No hay nada que sugiera que los datos de los pacientes del Reino Unido estén en riesgo aquí, son subsidiarias diferentes, con configuraciones diferentes, bajo jurisdicciones diferentes. Pero según su testimonio en el Senado el miércoles, Witty culpó al hackeo del hecho de que desde que UnitedHealth adquirió Change Healthcare en 2022, no había actualizado sus sistemas, y dentro de esos sistemas había un servidor que no tenía habilitada la autenticación multifactor (MFA, por sus siglas en inglés).

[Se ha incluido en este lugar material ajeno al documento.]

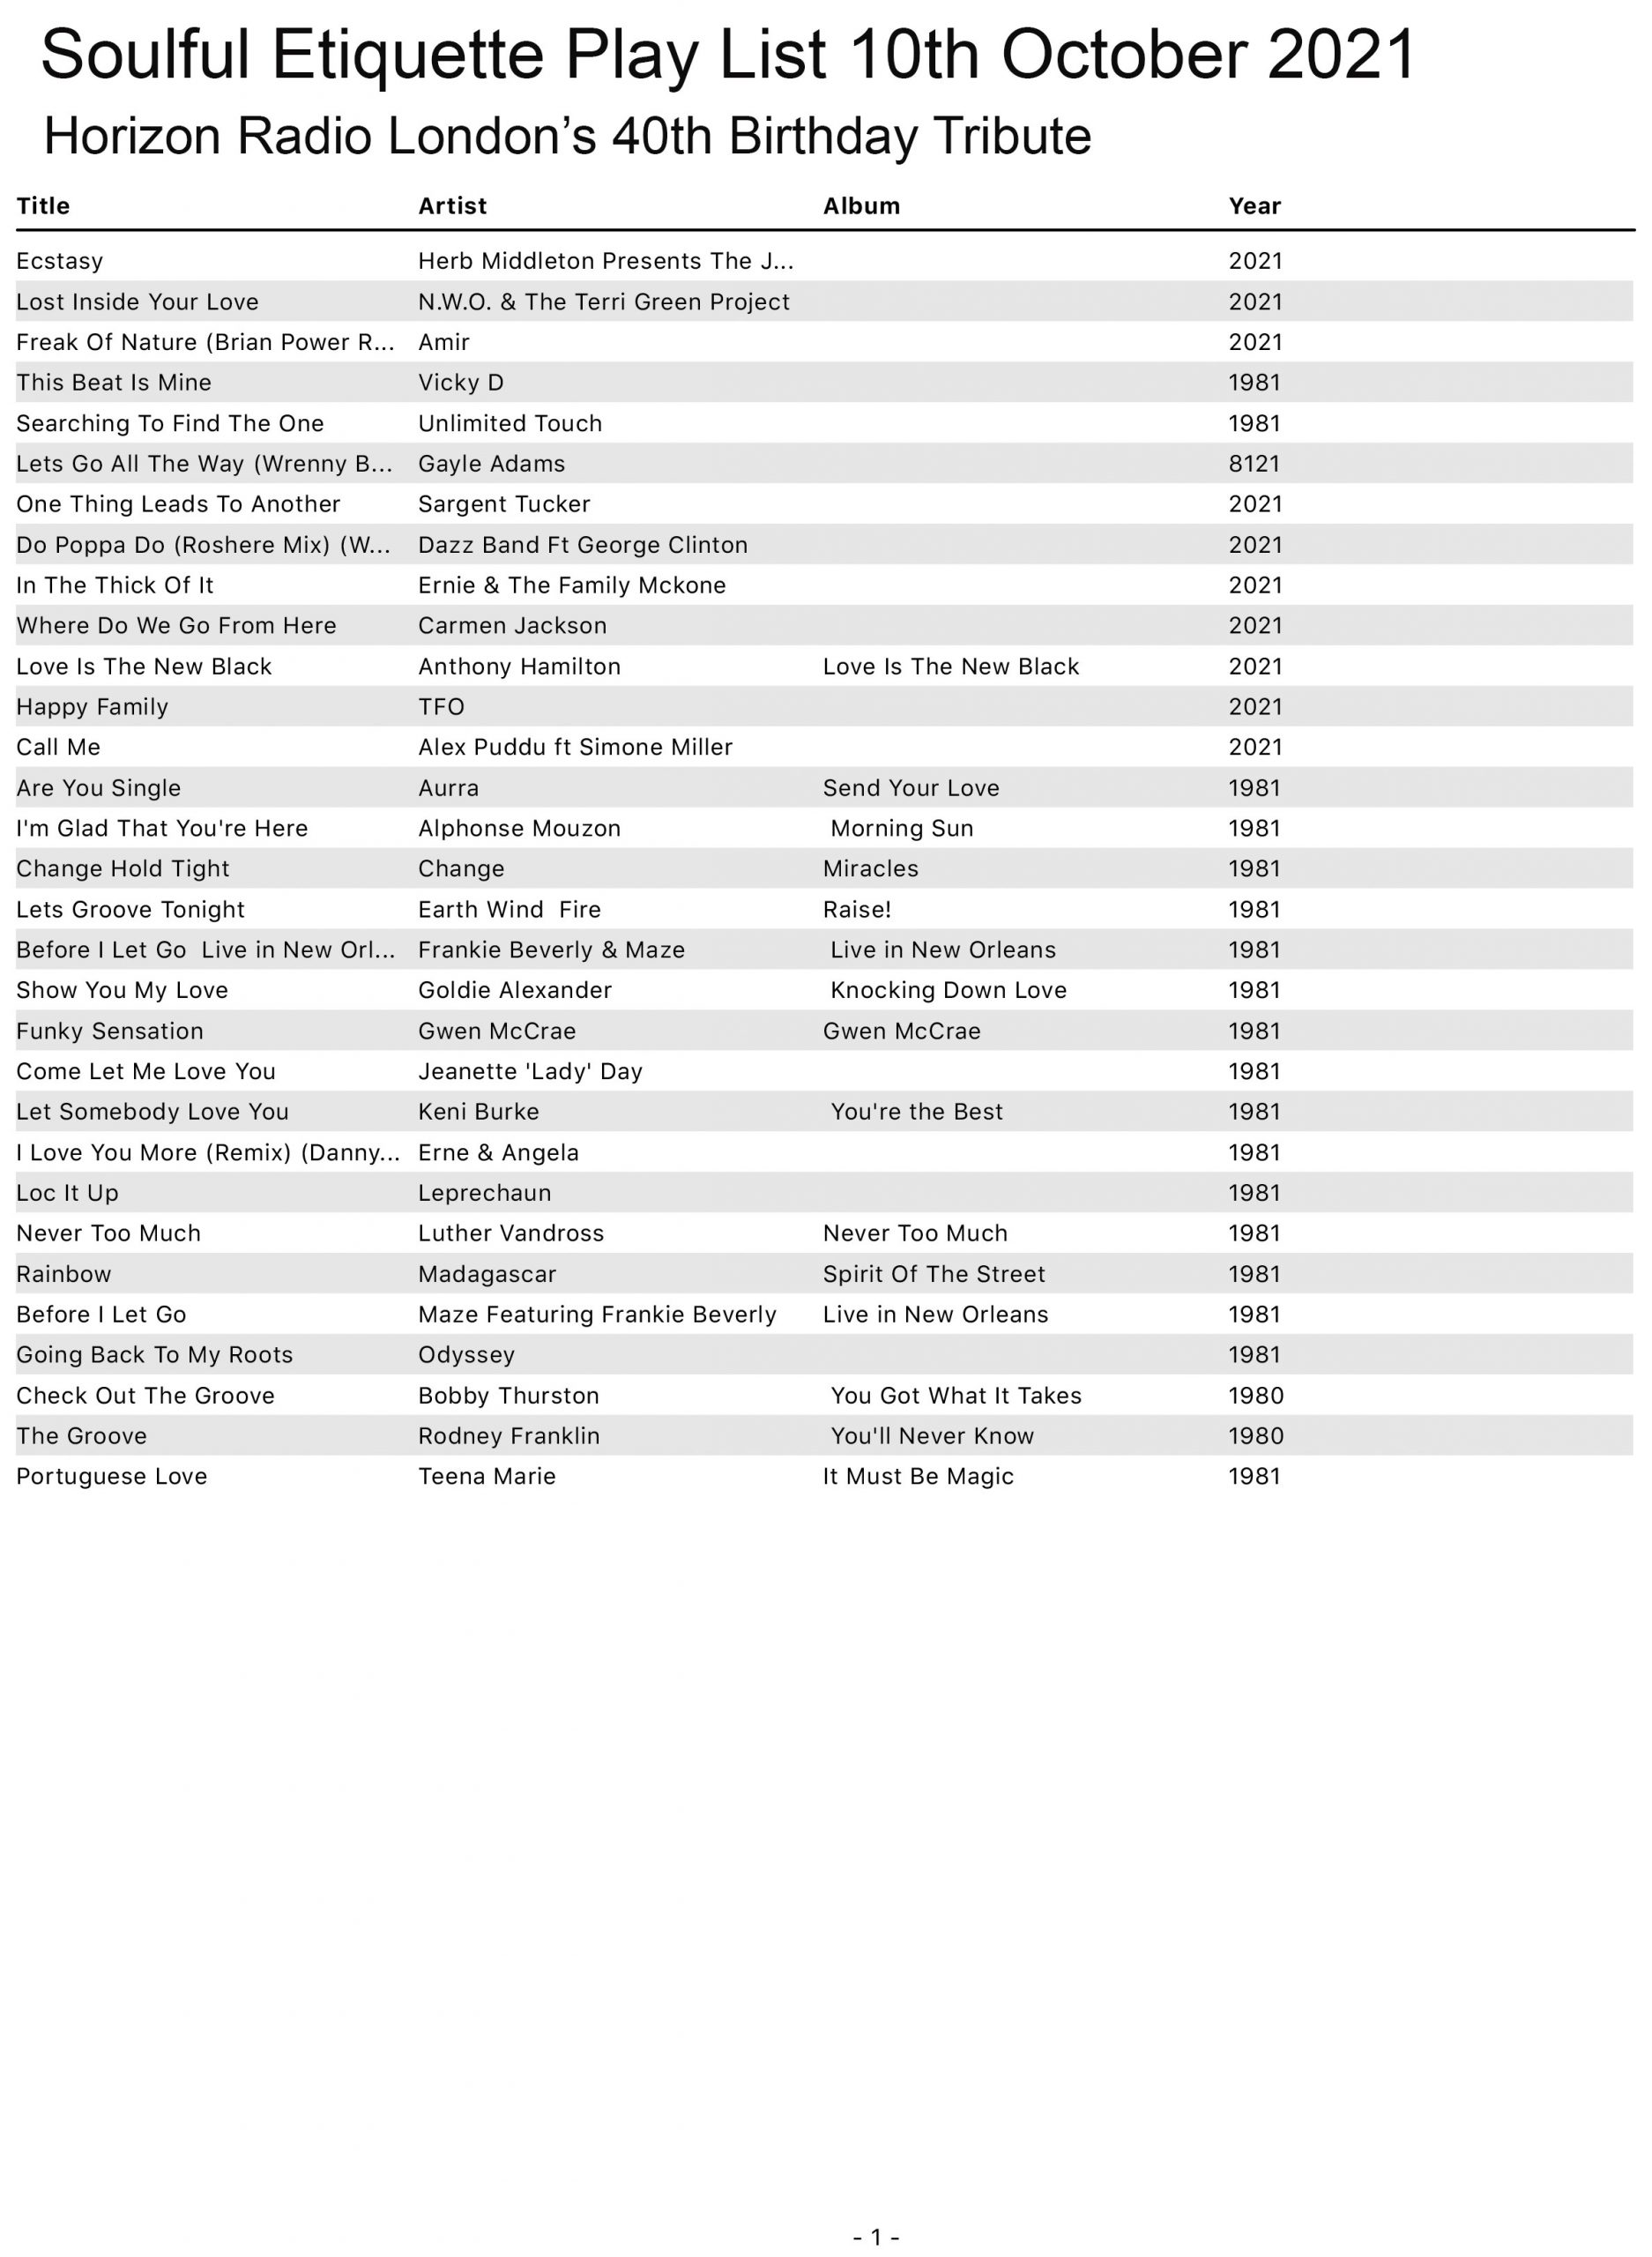 Play List For The Soulful Etiquette Soul Radio Show October 10th 2021

Sabemos que los piratas informáticos robaron datos de salud usando "credenciales comprometidas" para acceder a un portal de Citrix de Change Healthcare que había sido destinado para que los empleados accedieran a las redes internas de forma remota. Increíblemente, Witty dijo que la compañía todavía estaba trabajando para entender por qué no se había habilitado MFA, dos meses después del ataque. Esto no inspira gran confianza para los profesionales y pacientes de la salud del Reino Unido que utilizan EMIS Health bajo los auspicios de sus nuevos propietarios.
Esto no es un caso aislado.
Separadamente esta semana, el hacker de 25 años Aleksanteri Kivimäki fue condenado a más de seis años de prisión por infiltrarse en una empresa llamada Vastaamo en 2020, robar datos de salud pertenecientes a miles de pacientes finlandeses e intentar extorsionar y chantajear tanto a la empresa como a los pacientes afectados.
Ya sea que los ataques de ransomware resulten exitosos o no, son finalmente lucrativos: los pagos a los perpetradores supuestamente se duplicaron a más de $1 mil millones en 2023, un año récord en muchos aspectos. Durante su testimonio, Witty confirmó los informes anteriores de que UnitedHealth realizó un pago de rescate de $22 millones a sus hackers.
¿Por qué los grupos de ransomware están ganando tanto dinero?
Los datos de salud como una mercancía valiosa
Pero la mayor lección de todo esto es que los datos personales, especialmente los datos de salud, son una mercancía global enorme, y deben ser protegidos en consecuencia. Sin embargo, seguimos viendo una higiene de ciberseguridad increíblemente deficiente, lo que debería ser motivo de preocupación para todos.
Como escribió TechCrunch hace unos meses, cada vez es más difícil acceder incluso a la forma más básica de atención médica en el NHS financiado por el estado sin aceptar dar a empresas privadas acceso a tus datos, ya sea una multinacional de mil millones de dólares o una startup respaldada por capital de riesgo.
Puede haber razones operativas y prácticas legítimas por las que trabajar con el sector privado tenga sentido, pero la realidad es que tales asociaciones aumentan la superficie de ataque que los actores malintencionados pueden apuntar, independientemente de las obligaciones, políticas y promesas que una empresa pueda tener en vigor.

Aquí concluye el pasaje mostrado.